This document covers two different things:
- How to report a security vulnerability in the AURA tool itself (its code, dependencies, or supply chain).
- The responsible/authorized use policy for scanning targets with AURA.
| Version | Supported |
|---|---|
| Latest release | ✅ |
| Older releases | ❌ |
Only the latest tagged release receives security fixes. Please update before reporting an issue to confirm it's still present.
If you find a security issue in AURA itself (e.g. a flaw that lets a malicious target exploit the scanner, a dependency vulnerability, credential leakage, SSRF in endpoint discovery, etc.):
- Do not open a public GitHub issue.
- Preferably use GitHub's private vulnerability reporting for this repository.

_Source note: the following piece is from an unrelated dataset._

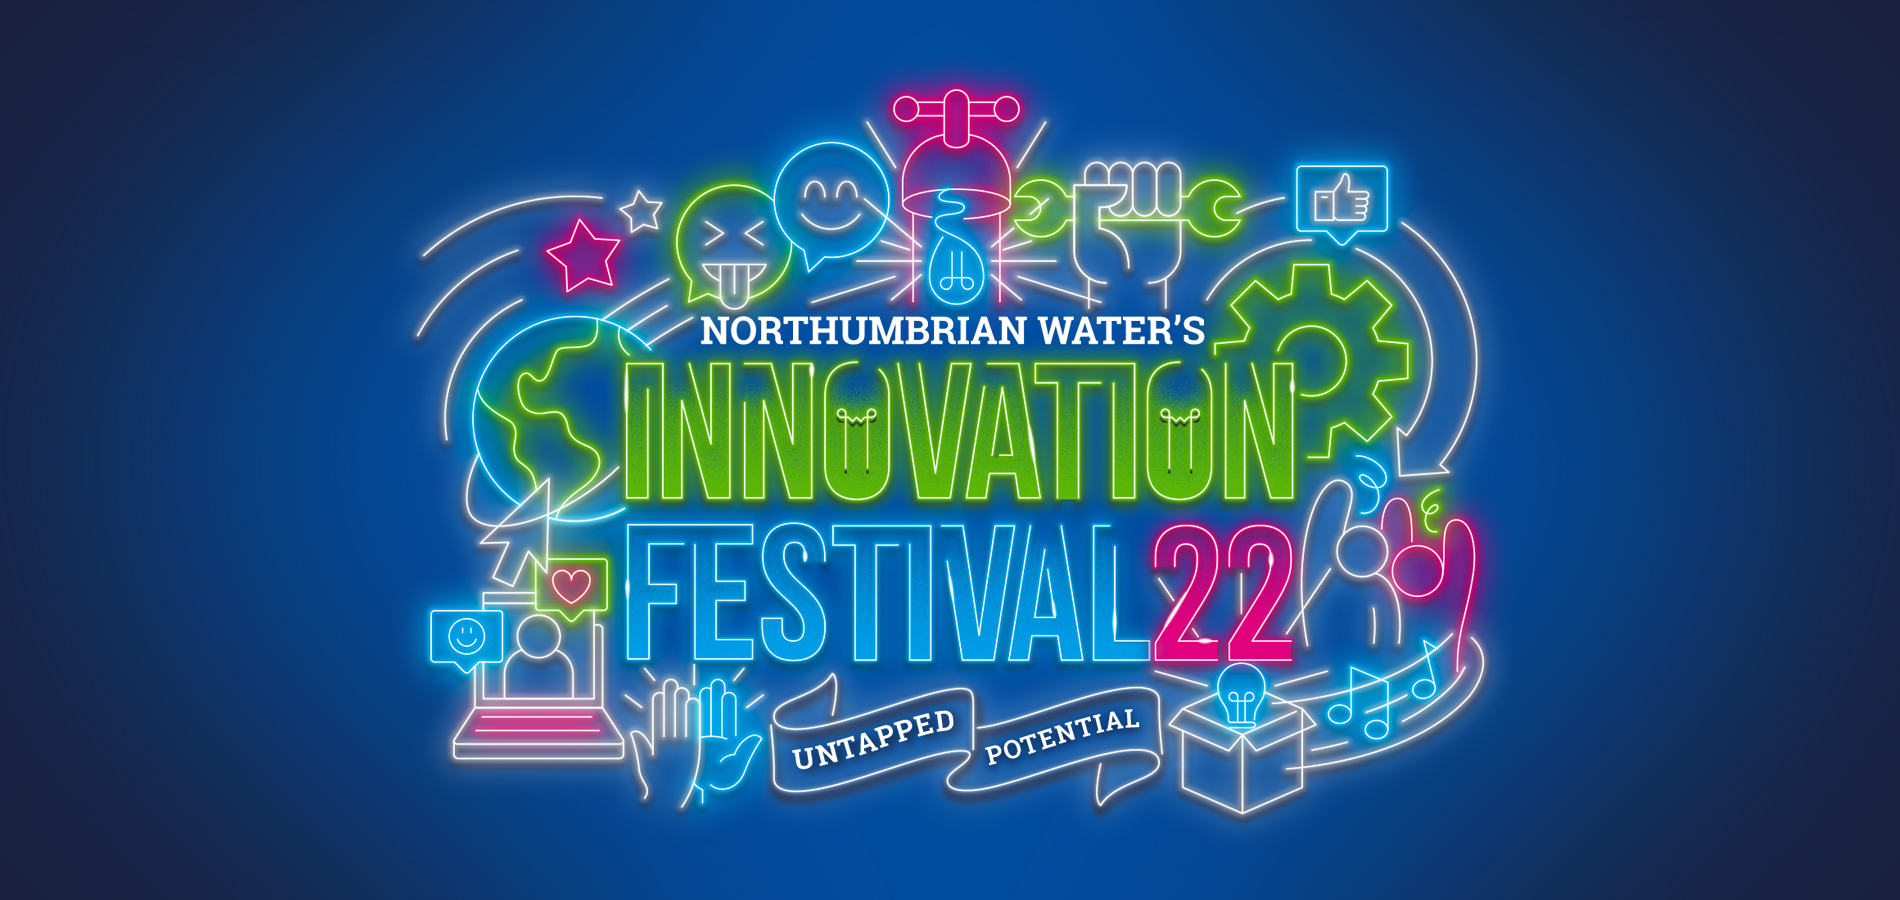 Registration opens for Innovation Festival 2022

- Or email security@yourdomain.com (replace with a real monitored address before publishing this file).
Please include:
- A description of the issue and its potential impact
- Steps to reproduce, or a minimal proof of concept
- The AURA version/commit affected (
aura --version)
We aim to acknowledge new reports within 5 business days and to provide a fix or mitigation timeline once the report is triaged. Please give us a reasonable window to patch before any public disclosure.
AURA actively probes endpoints with alternate object IDs and credentials. Used against systems you don't own or don't have explicit permission to test, this is unauthorized access and may be illegal in your jurisdiction (e.g. under the U.S. CFAA, UK Computer Misuse Act, or equivalent local law).
By using AURA you agree that you will:
- Only scan systems you own, or have explicit written authorization to test (e.g. a signed pentest agreement or a bug bounty program's published scope).
- Respect each target's bug bounty scope and rules of engagement, including rate limits.
- Not use AURA to access, exfiltrate, or retain data beyond what is required to demonstrate a finding.
- Disclose any vulnerabilities found through the target's official disclosure channel, not publicly, until they've had a chance to remediate.
The maintainers of AURA accept no liability for misuse of this tool. It is provided for legitimate security research, bug bounty hunting, and authorized penetration testing only.